Kitabın arka kapağı da şöyle:
Evliliğe küsmüş bir kadın ve bir erkeğin evliliğe giden yolda sıcak ve duygusal aşk hikâyesi

Tüm dünyada bestseller olan Ye, Dua Et, Sev kitabının sonunda Elizabeth Gilbert gönlünü, Brezilyada doğmuş ama Avustralya vatandaşlığına sahip, tanıştıklarında Endonezyada yaşamakta olan Felipeye kaptırmıştı. Sonsuz bir sadakatle birbirine bağlı bu çift, kötü sonuçlanan birer boşanmanın kurbanları olduğundan şartlar ne olursa olsun bir daha evlenmemek için yemin etmiştir. Ama kader ağlarını örer ve Amerikaya giriş yaptıkları bir anda Felipe'nin sınır dışı edilmesi planlarını altüst eder. Gilbert, ya evlenip Felipeyi Amerikaya getirecek ya da onu sonsuza kadar kaybedecektir.

Söz konusu evlilik olduğunda sadakat, uyumluluk, gelenek, sosyal beklentiler, eşleri bekleyen sorumluluklar ve en önemlisi boşanma riski göz ardı edilmemelidir. Gilbertın yazmış olduğu bu eser, aşkın tüm karmaşıklığına ve sonuçlarına rağmen yaşanması gerektiğinin en güzel örneğidir.

Zekice ve mütevazı, eğlenceli, sıcak ve cömert. İşte Ye, Dua Et, Evlenin arkasındaki ses. Gilbertin kitaplarının sonunda onu dostunuz gibi kabul ediyorsunuz. Yeniden Gilbertla olmak bir zevk.
-San Francisco Chronicle


İYİ OKUMALAR

3 Aralık 2013 Salı

Tamam mıyız?
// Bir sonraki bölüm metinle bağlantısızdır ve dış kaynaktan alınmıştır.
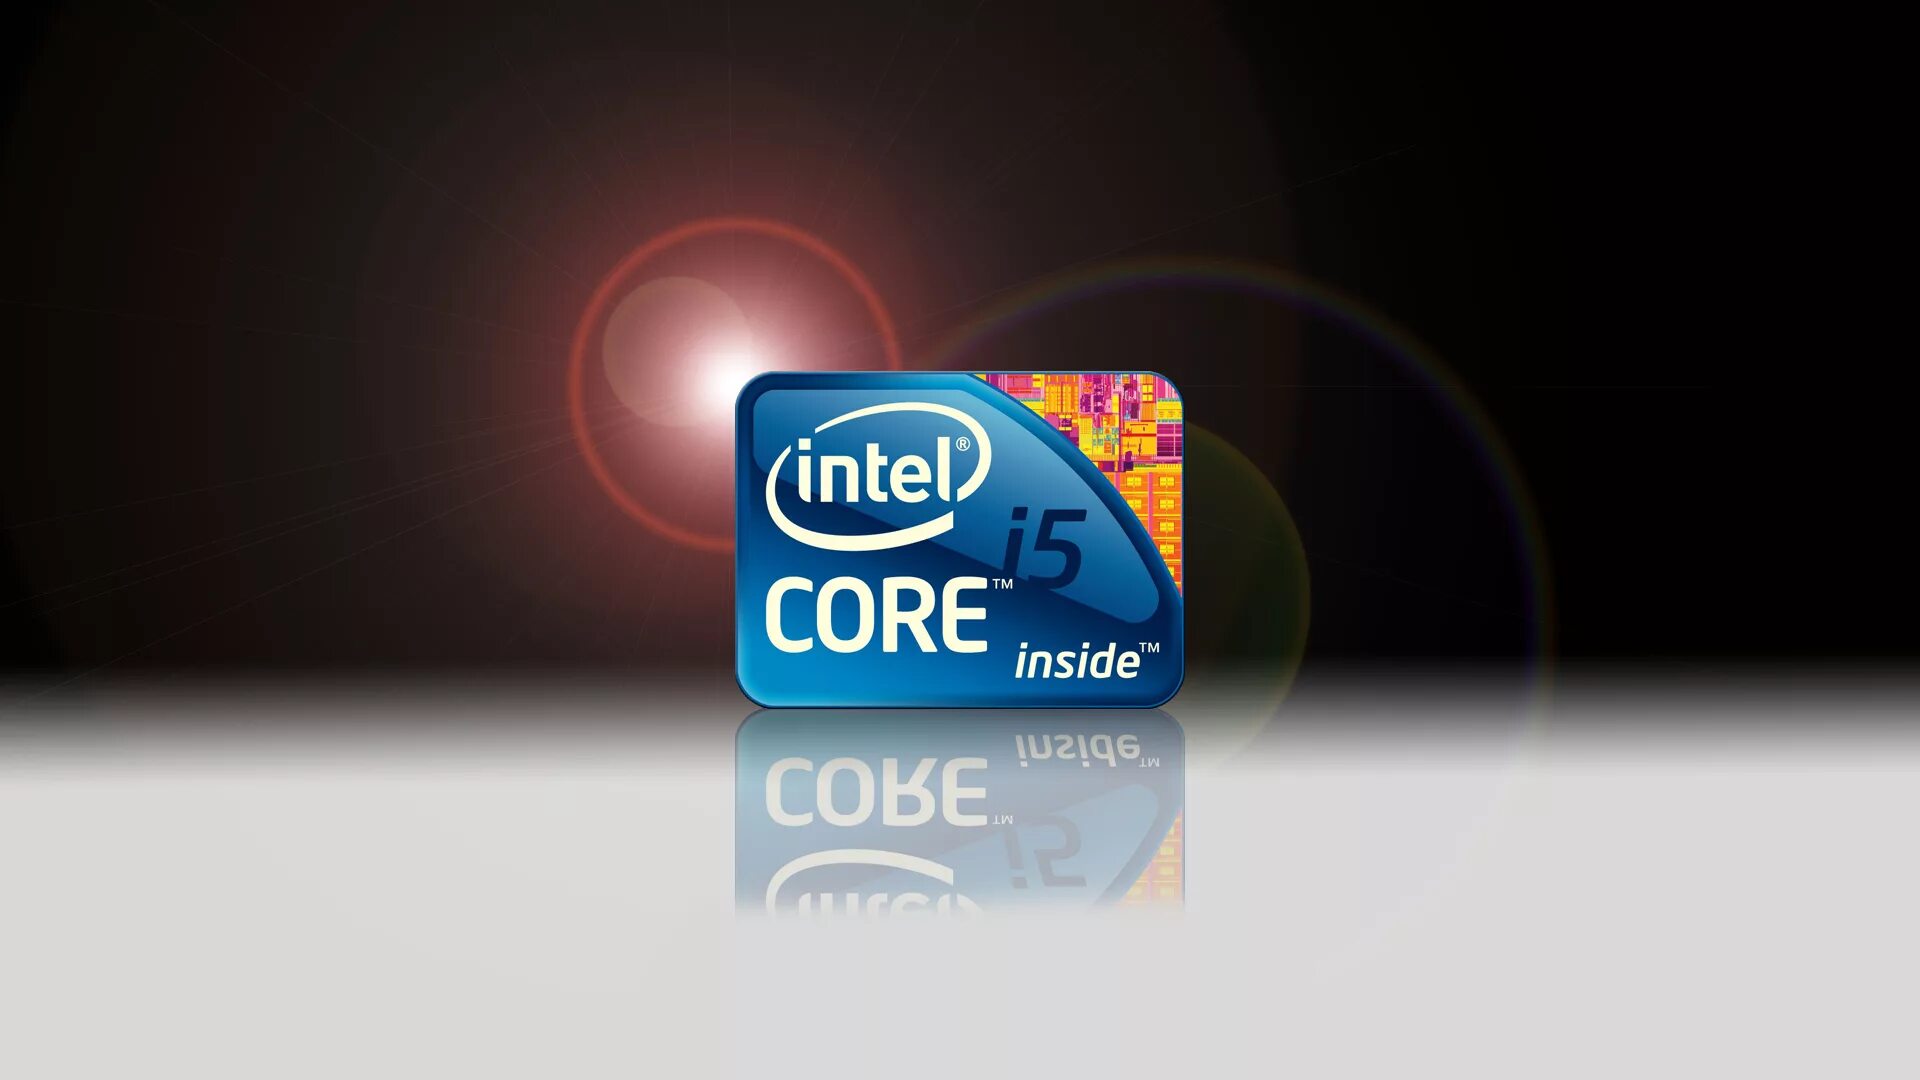 Intel Core i5 logo. Обои Intel Core i5-4590t. Intel Core i5 inside.

Çağan IRMAK yine yapmış yapacağını, insanlığımızın en derinlerdeki parçasını bulup çıkarmayı başarıyor bu filminde de… Görülenin ötesini görüp; görmeyenlere, isteyip de göremeyenlere gösteriyor yine… Birçok insanın anlatmaya çalıştığını Çağan IRMAK sadece bir buçuk saatte anlatmayı başarıyor… Hem kendi dünyanızı hem de diğerlerinin dünyasını anlatıyor...
Ne denir ki “EMEĞİNE YÜREĞİNE SAĞLIK SAYIN IRMAK”.